During this unprecedented COVID-19 pandemic, the numbers of cases, variants and geographic distribution are constantly changing. In addition, new knowledge about the virus, testing methods, vaccines and therapeutics is also constantly emerging. Governmental agencies and professional organizations update and adjust the recommendations based on the changing nature of the pandemic and provide toolkits to comply with laws and regulations. Therefore, dental practitioners must use current information to update their practices regularly.

REFERENCES

1. Centers for Disease Control and Prevention. Guidance for dental settings. Interim infection prevention and control guidance for dental settings during the coronavirus disease 2019 (COVID-19) pandemic.

2. The invisible barrier: Literacy and its relationship with oral health. A report of a workgroup sponsored by the National Institute of Dental and Craniofacial Research, National Institutes of Health, U.S. Public Health Service, Department of Health and Human Services. J Public Health Dent Summer 2005;65(3):174–82. doi: 10.1111/j.1752-7325.2005. tb02808.x.

3. California Department of Public Health. California Oral Health Plan 2018-2019.

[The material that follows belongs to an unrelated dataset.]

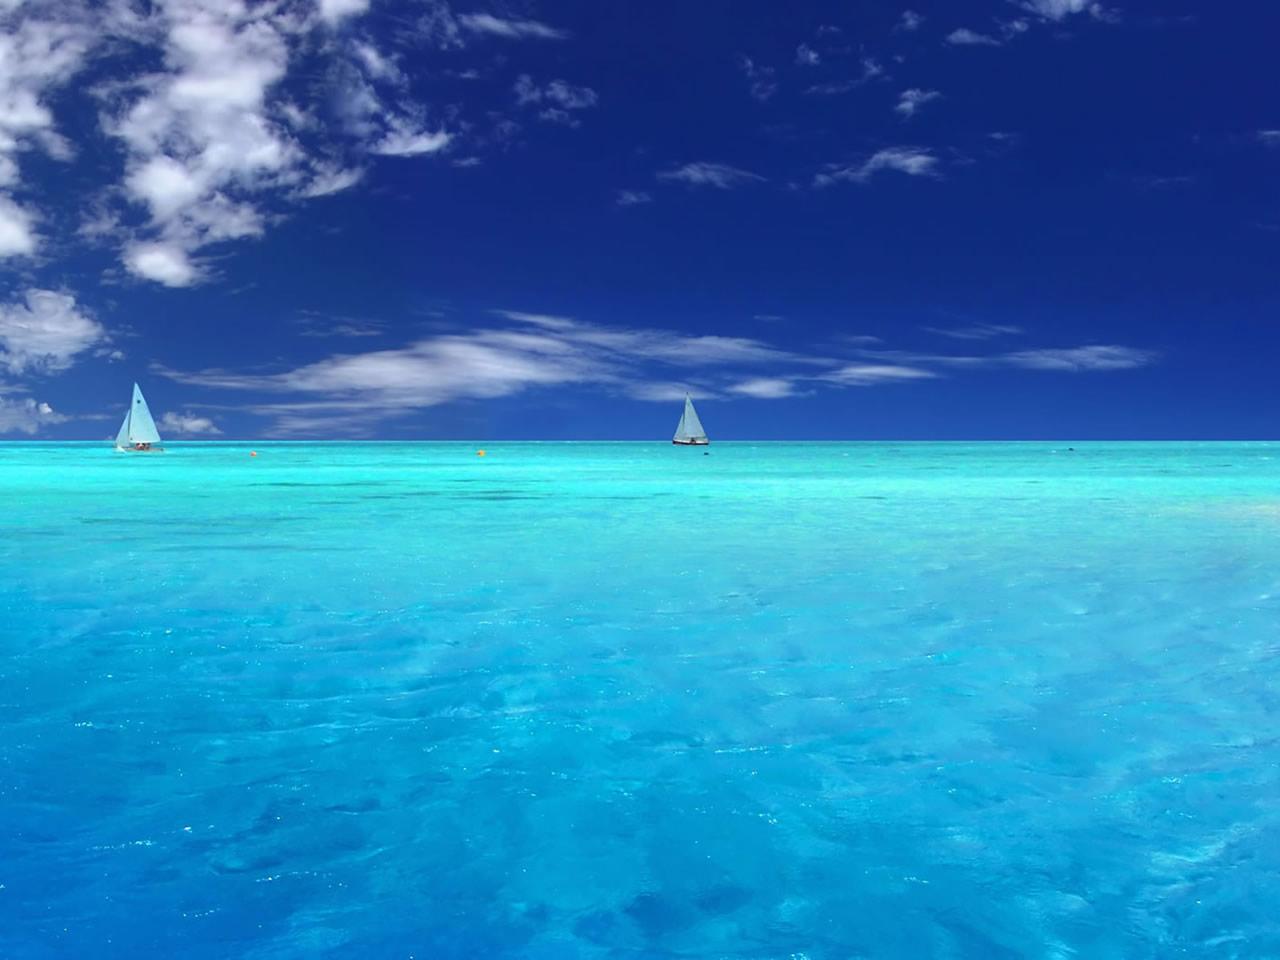 море горизонт, скачать фото, обои для рабочего стола

4. California Department of Public Health. Guidance for Resuming Deferred and Preventive Dental Care.

5. California Department of Public Health. California’s commitment to health equity.

6. California Department of Public Health. COVID-19: Case Statistics.

7. Centers for Disease Control and Prevention. The National Institute for Occupational Safety and Health (NIOSH). Hierarchy of Controls.

8. California Code of Regulations. §1005. Minimum Standards for Infection Control.

9. California Code of Regulations. Title 8. § 5193. Bloodborne Pathogens.

10. California Department of Industrial Relations. Cal/OSHA. The California Workplace Guide to Aerosol Transmissible Diseases.

11. California Department of Industrial Relations. Cal/OSHA. COVID-19 prevention emergency temporary standards - fact sheets, model written program and other resources.

12. California Department of Public Health. Let’s get immunity.

13. California Coronavirus COVID-19 Response Toolkit.

14. California Department of Public Health. Training and Resources. Required training for providers in the California COVID-19 vaccination program.

15. California Department of Public Health. COVID-19 vaccination program.

16. Smile, California. Latest news and COVID-19 information.